- Given records
--

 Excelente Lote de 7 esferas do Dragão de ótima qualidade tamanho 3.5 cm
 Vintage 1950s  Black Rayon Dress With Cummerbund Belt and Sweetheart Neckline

--

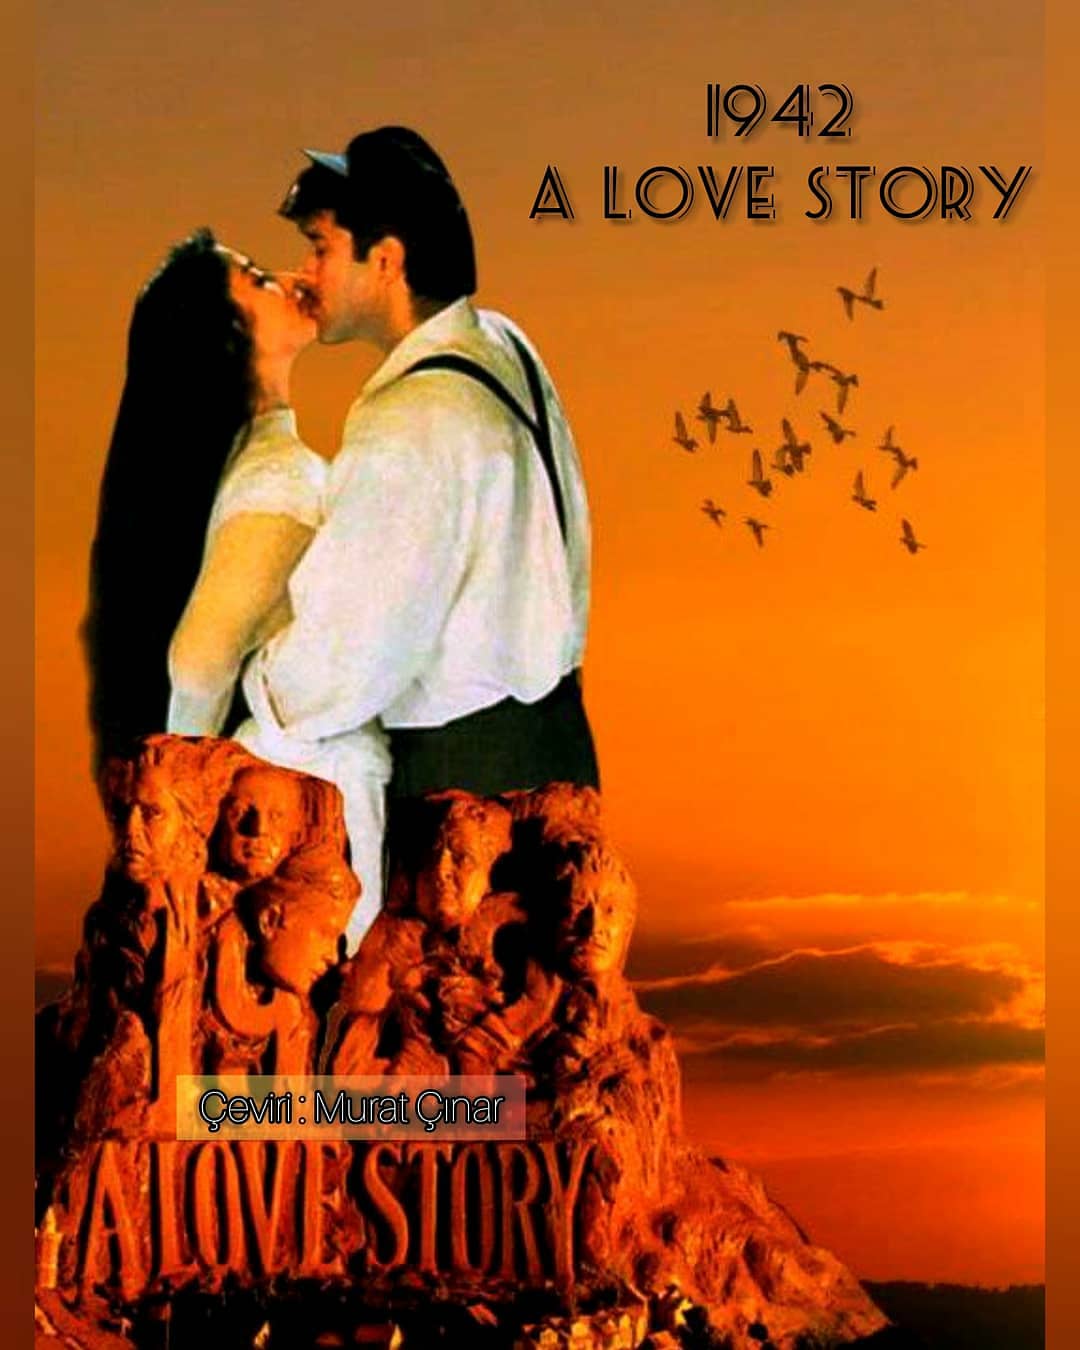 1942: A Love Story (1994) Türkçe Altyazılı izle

--

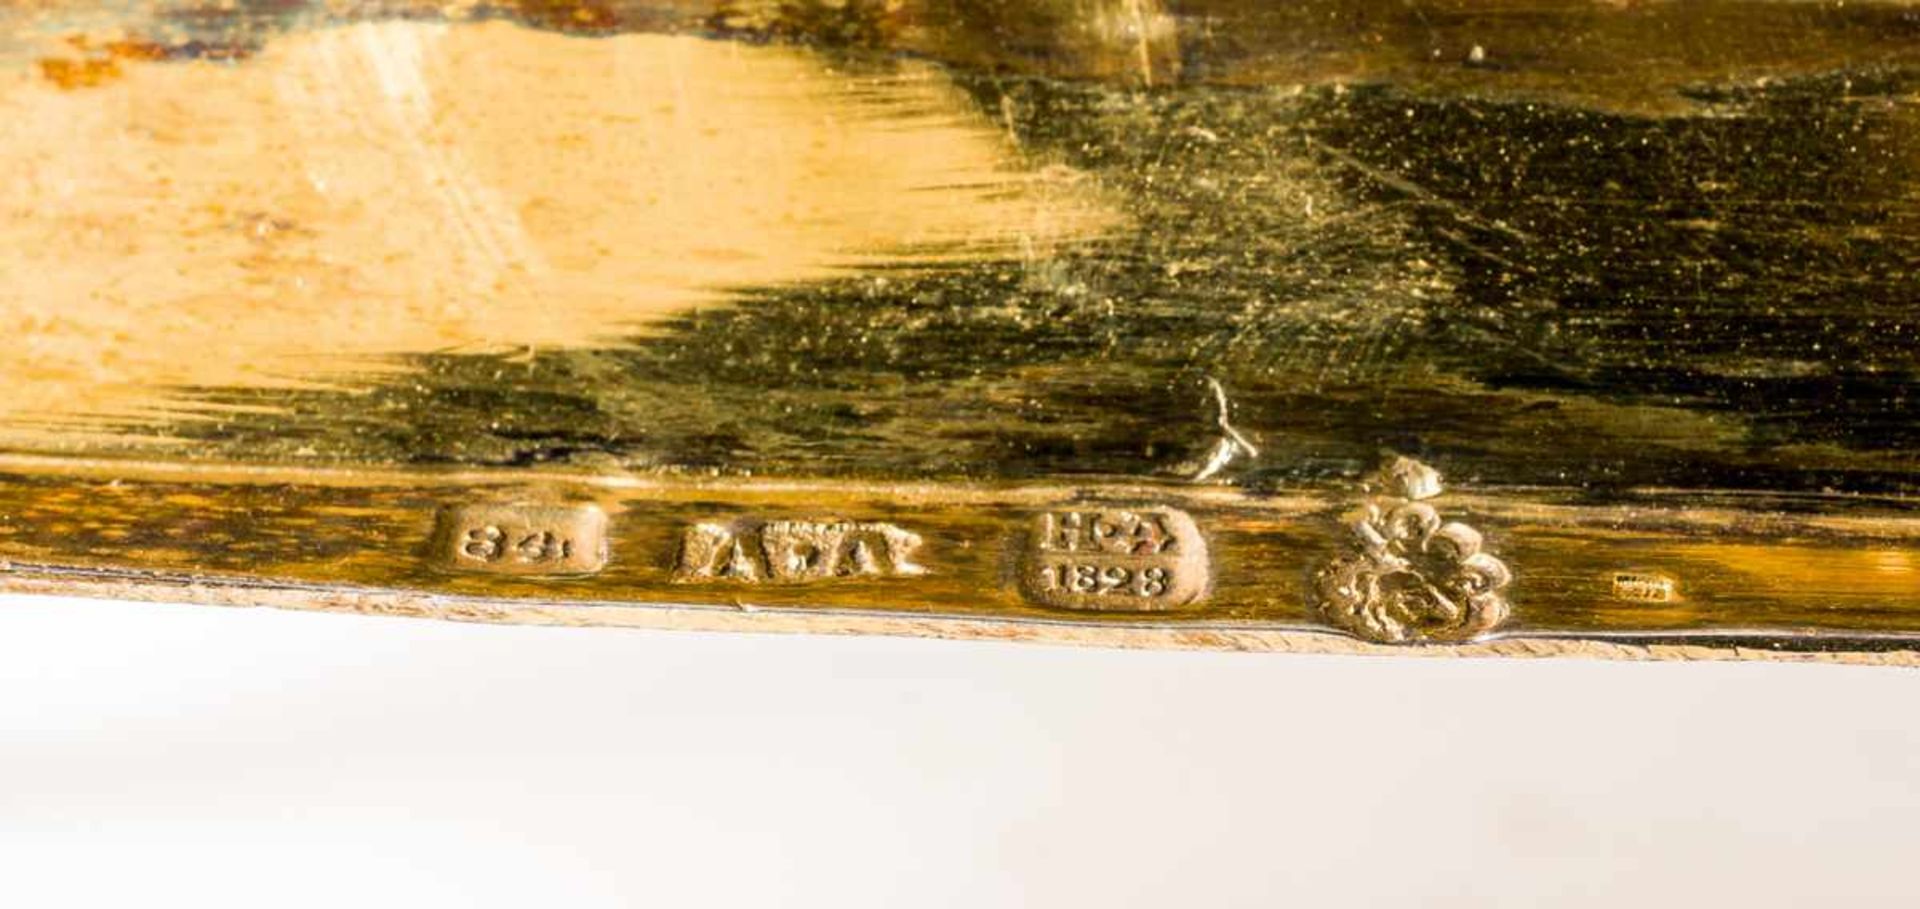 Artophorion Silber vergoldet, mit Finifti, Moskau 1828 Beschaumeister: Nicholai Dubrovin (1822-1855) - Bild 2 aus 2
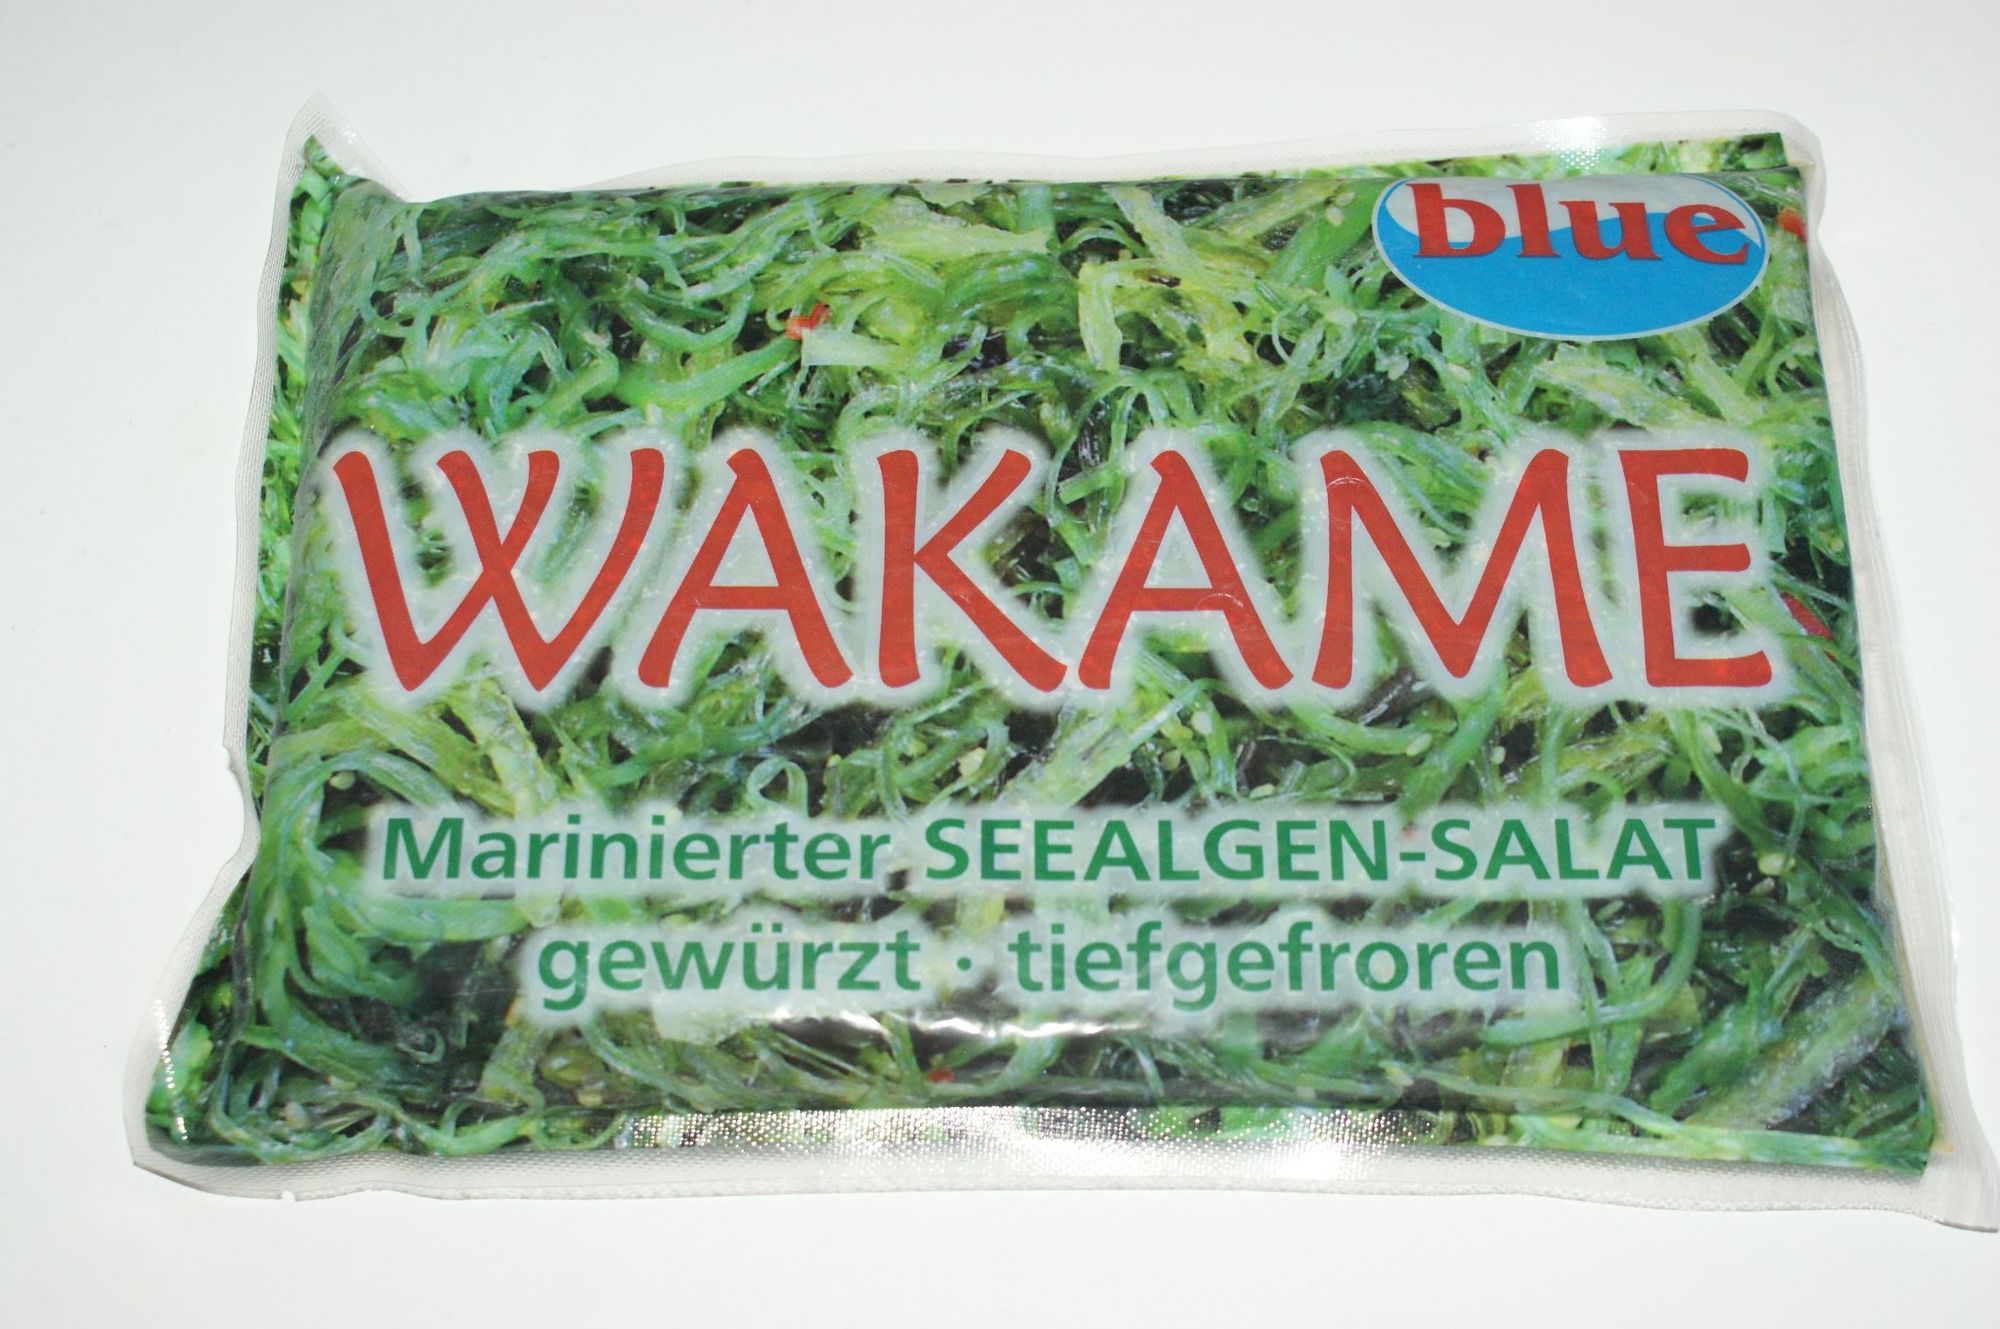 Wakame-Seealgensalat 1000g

--

- What you need to do
Without the pictures, give again exactly the lines above starting at the line containing "Artophorion Silber vergoldet, mit" and ending at the line containing "Wakame-Seealgensalat 1000g".

- Exercise solution
 Artophorion Silber vergoldet, mit Finifti, Moskau 1828 Beschaumeister: Nicholai Dubrovin (1822-1855) - Bild 2 aus 2
 Wakame-Seealgensalat 1000g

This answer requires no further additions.